Task directions
Copy the data precisely, character for character, and leave out every picture.

Start of Raw data

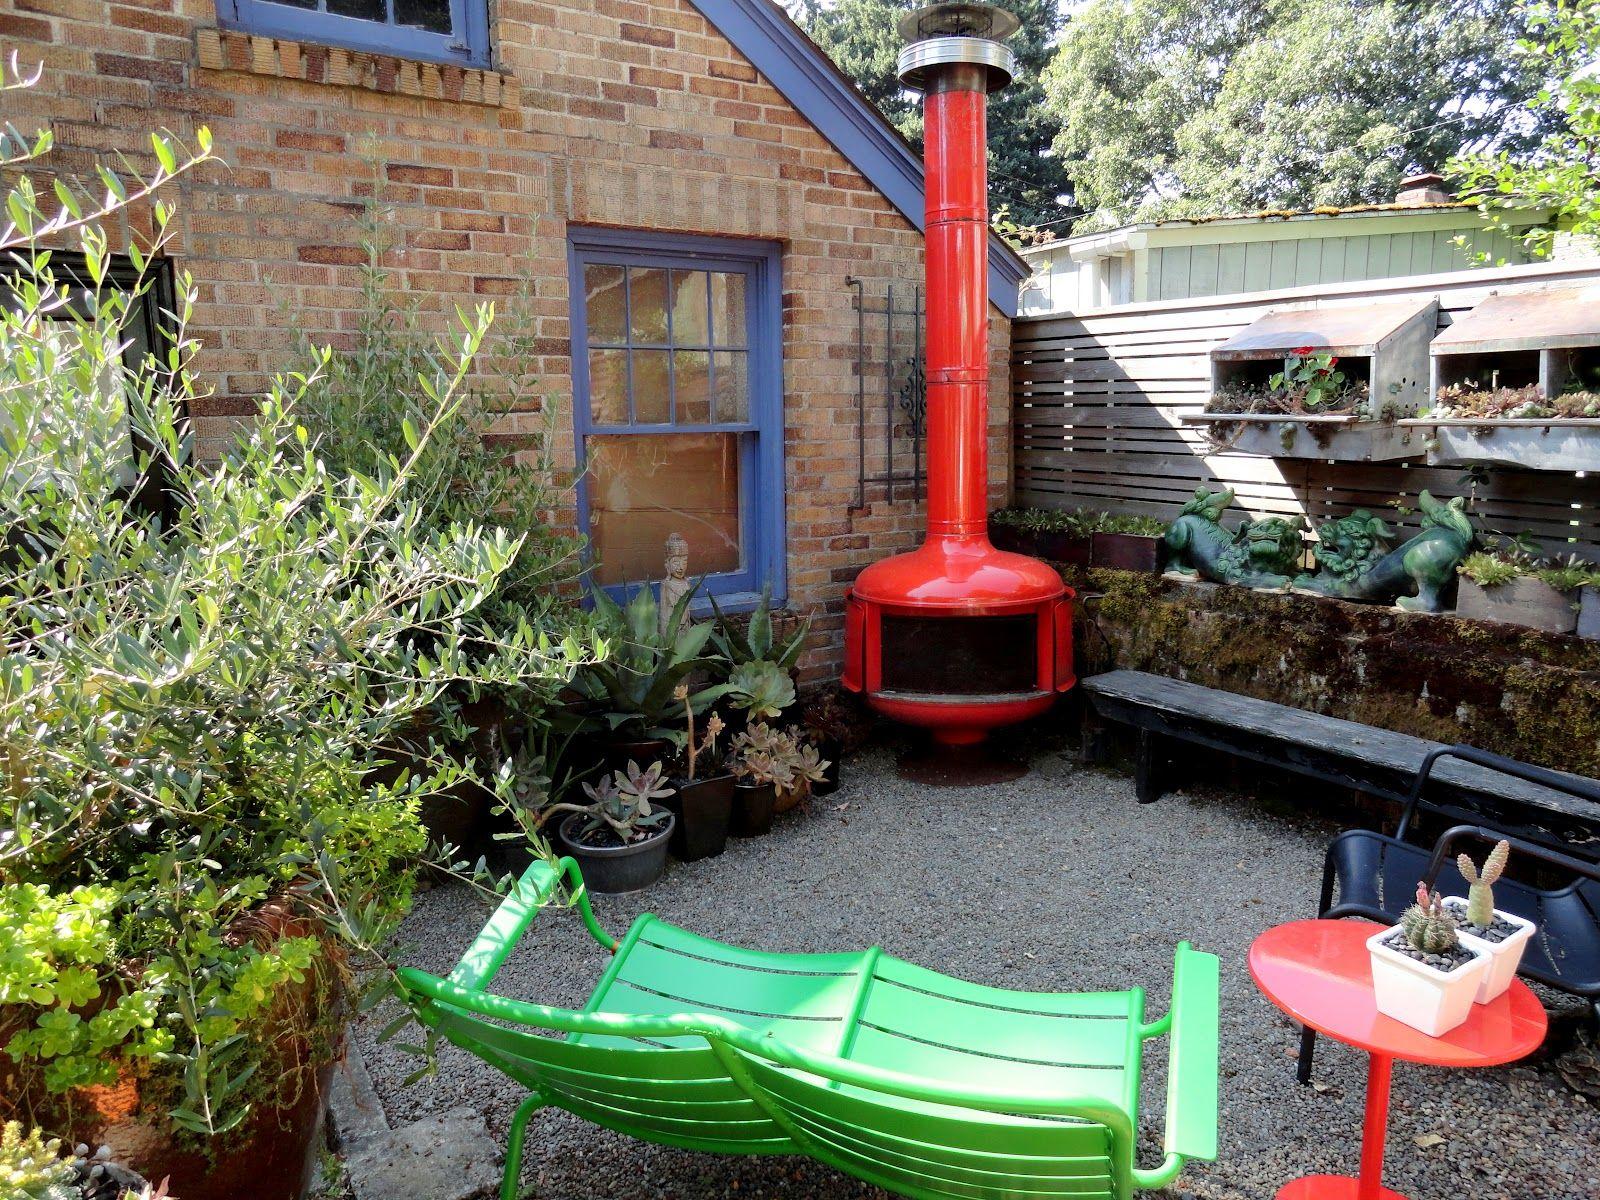 JJ Sousa's Funky Portland Garden Fir Pits Fireplaces Outdoor
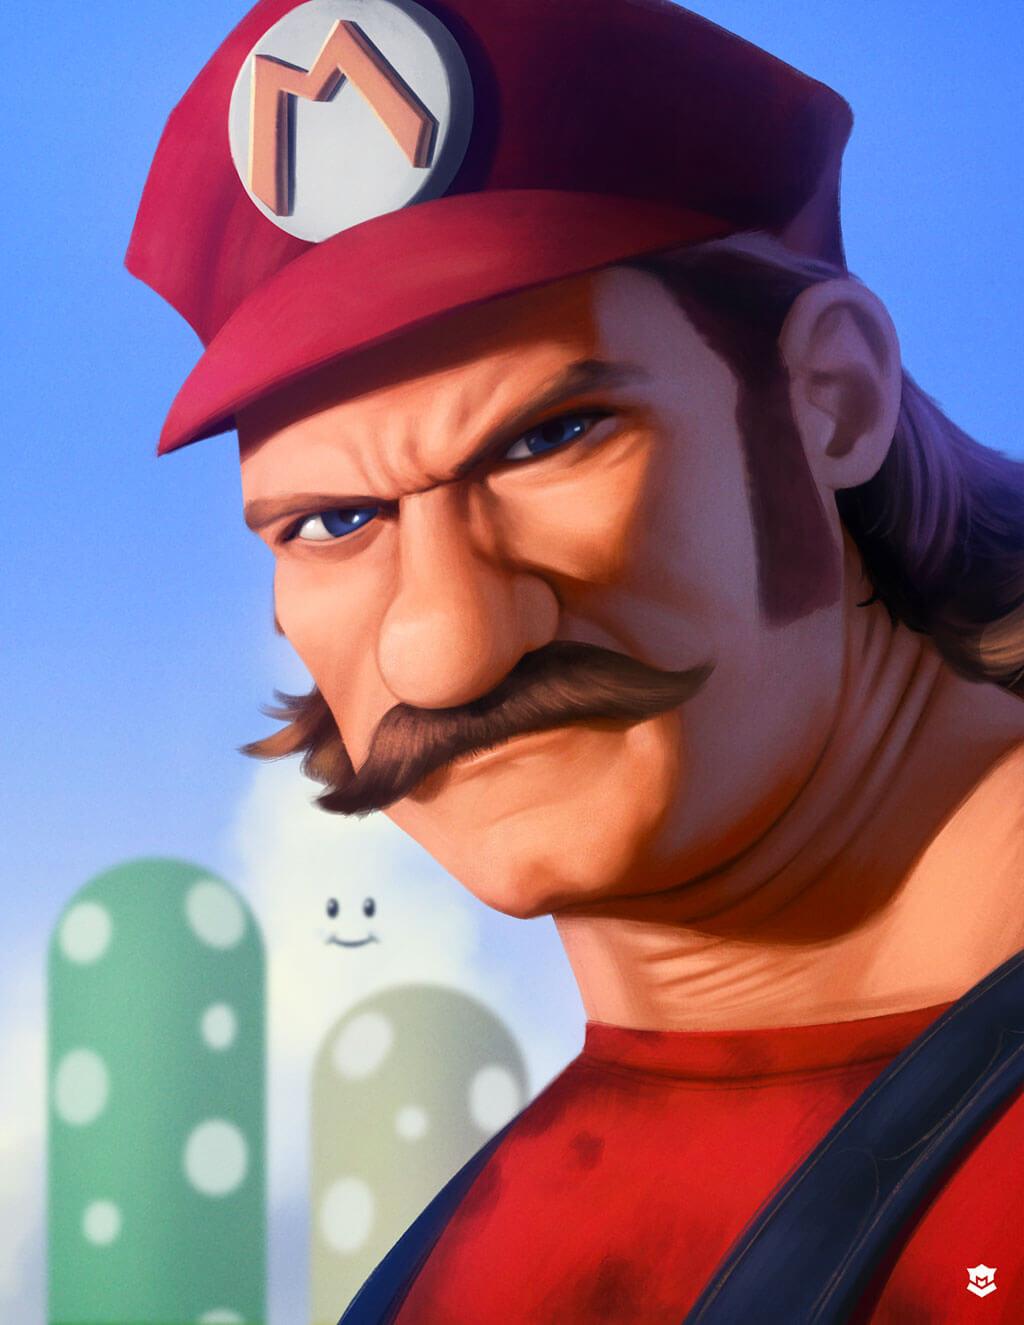 Mario Fan Art by Marcos Lopez
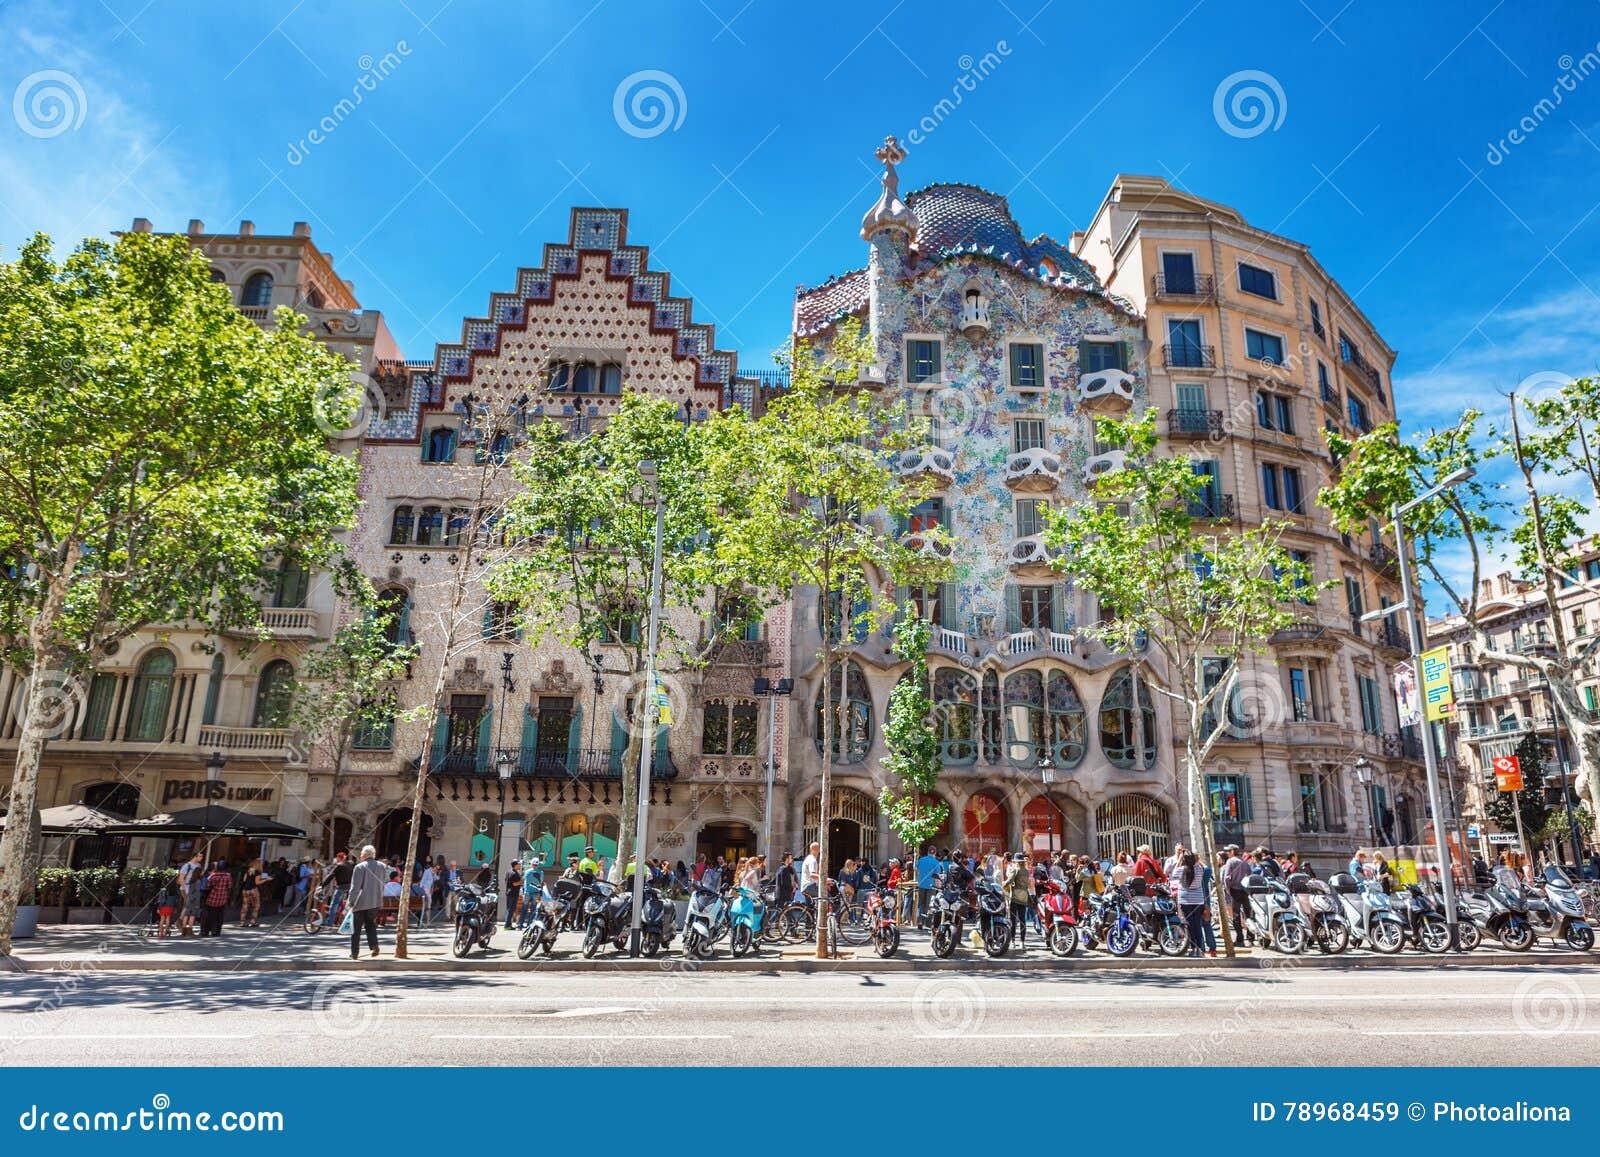 Barcelona, España - 18 de abril de 2016: Illa de la Discordia Casa Batllo, Lleo Morera, Rocamora, Amatller de la fachada en el di

End of Raw data

Answer box
 JJ Sousa's Funky Portland Garden Fir Pits Fireplaces Outdoor
 Mario Fan Art by Marcos Lopez
 Barcelona, España - 18 de abril de 2016: Illa de la Discordia Casa Batllo, Lleo Morera, Rocamora, Amatller de la fachada en el di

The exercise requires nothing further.